Silva v. City of Hartford

104 A.2d 210, 141 Conn. 126, 1954 Conn. LEXIS 166
CourtSupreme Court of Connecticut
DecidedMarch 23, 1954
StatusPublished
Cited by27 cases

This text of 104 A.2d 210 (Silva v. City of Hartford) is published on Counsel Stack Legal Research, covering Supreme Court of Connecticut primary law. Counsel Stack provides free access to over 12 million legal documents including statutes, case law, regulations, and constitutions.

Bluebook
Silva v. City of Hartford, 104 A.2d 210, 141 Conn. 126, 1954 Conn. LEXIS 166 (Colo. 1954).

Opinion

*127 Daly, J.

This appeal was taken by the plaintiff from the court’s denial of her motion to set aside a verdict by which the jury found the issues for the defendant.

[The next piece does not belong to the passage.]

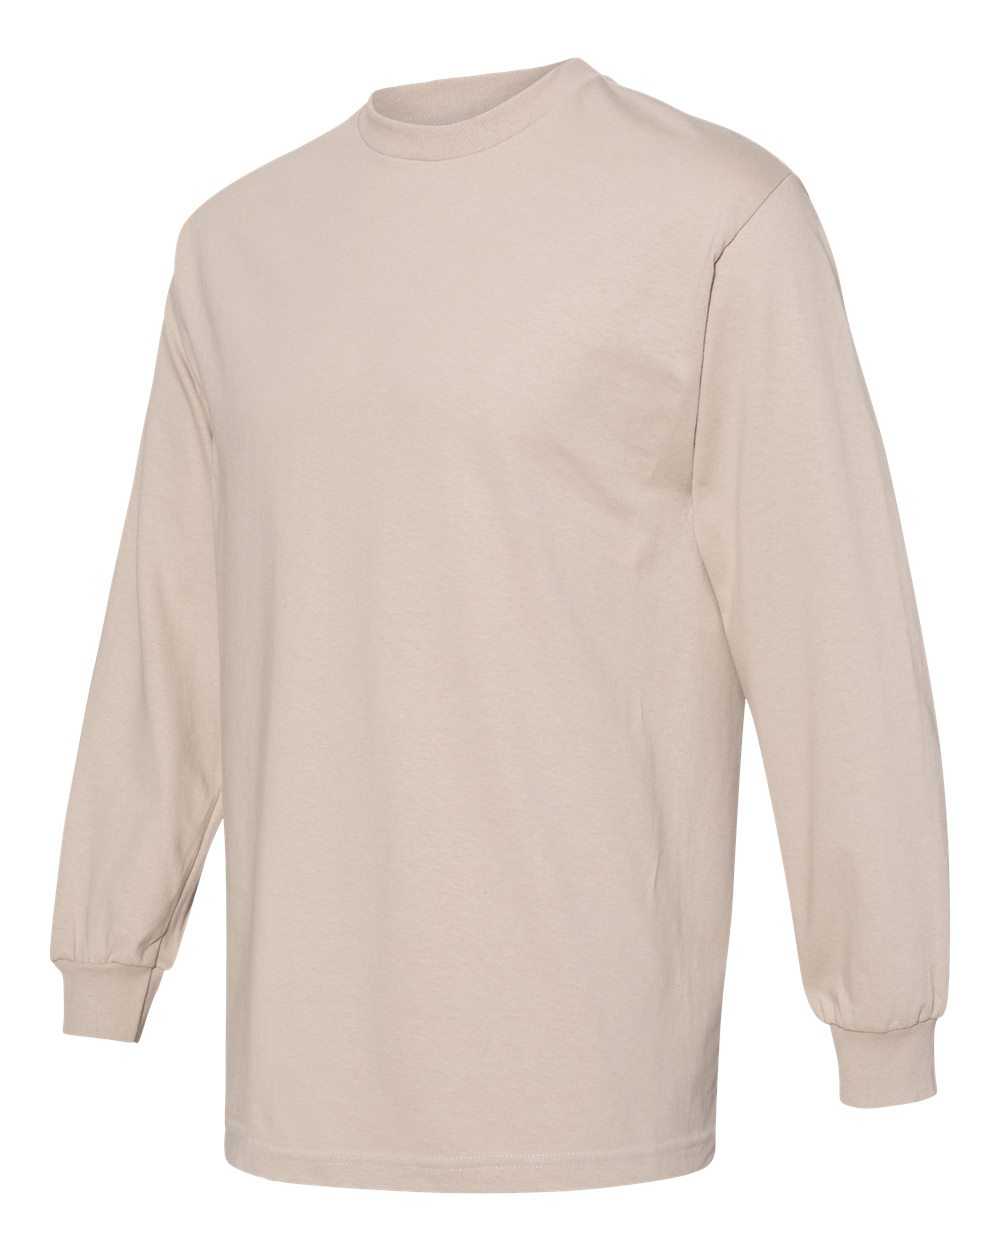 American Apparel 1304 Unisex Heavyweight Cotton Long Sleeve T-Shirt - Sand - HIT a Double
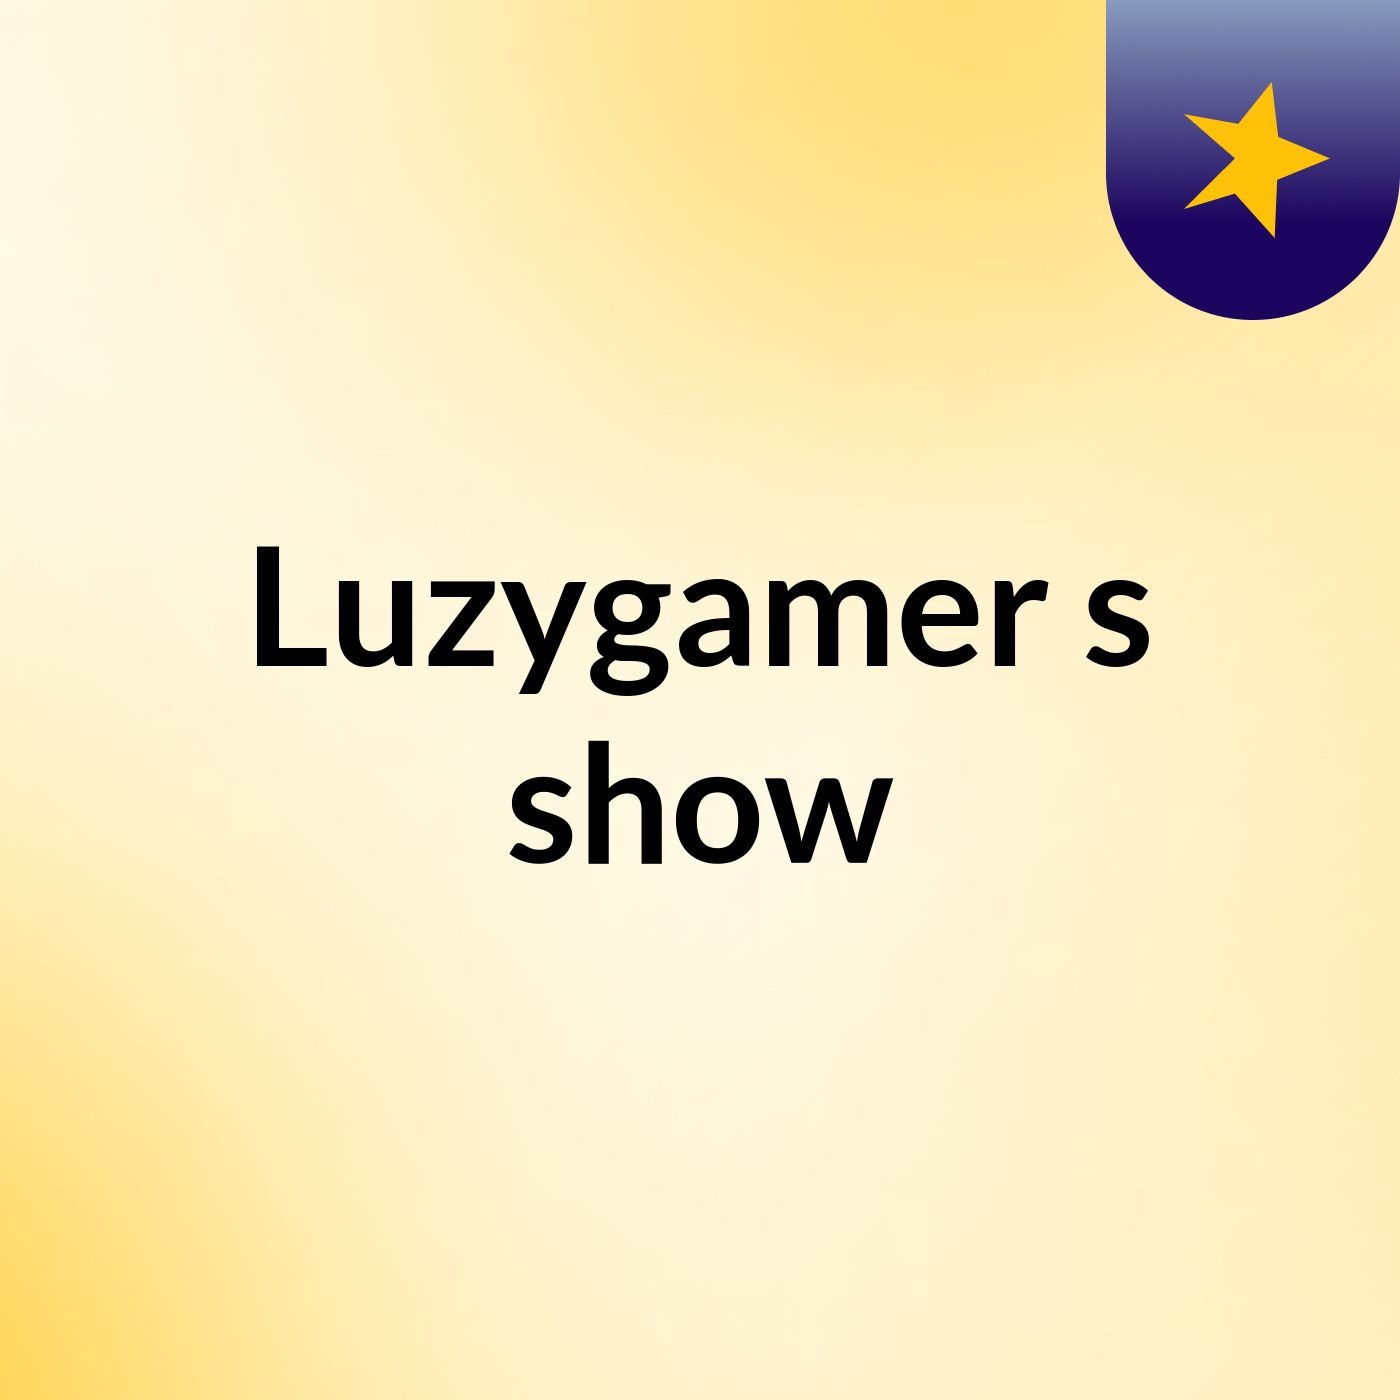 Luzygamer's show

The plaintiff brought her action under § 2126 of the General Statutes (as amended, Cum. Sup. 1953, § 957c), which provides for the recovery of damages by a person injured by means of a defective road or bridge. She alleged, in her complaint, that her decedent, Bessie Phillips, was injured on May 26, 1951, at about 8 o’clock in the evening, and died on April 29, 1952, as a result of tripping and falling on a defective public sidewalk on Church Street in the city of Hartford. It was claimed that, while walking, her heel caught in a hole in a portion of the sidewalk consisting of a metal frame and several glass inserts. The plaintiff maintained that this defective condition had existed for a long period of time and that the defendant had actual or constructive notice of it. Her contention is that the manifest injustice of the verdict was so plain and palpable as to justify the suspicion that the jury or some of them were influenced by prejudice, corruption or partiality and that, accordingly, it was the duty of the court to set aside the verdict.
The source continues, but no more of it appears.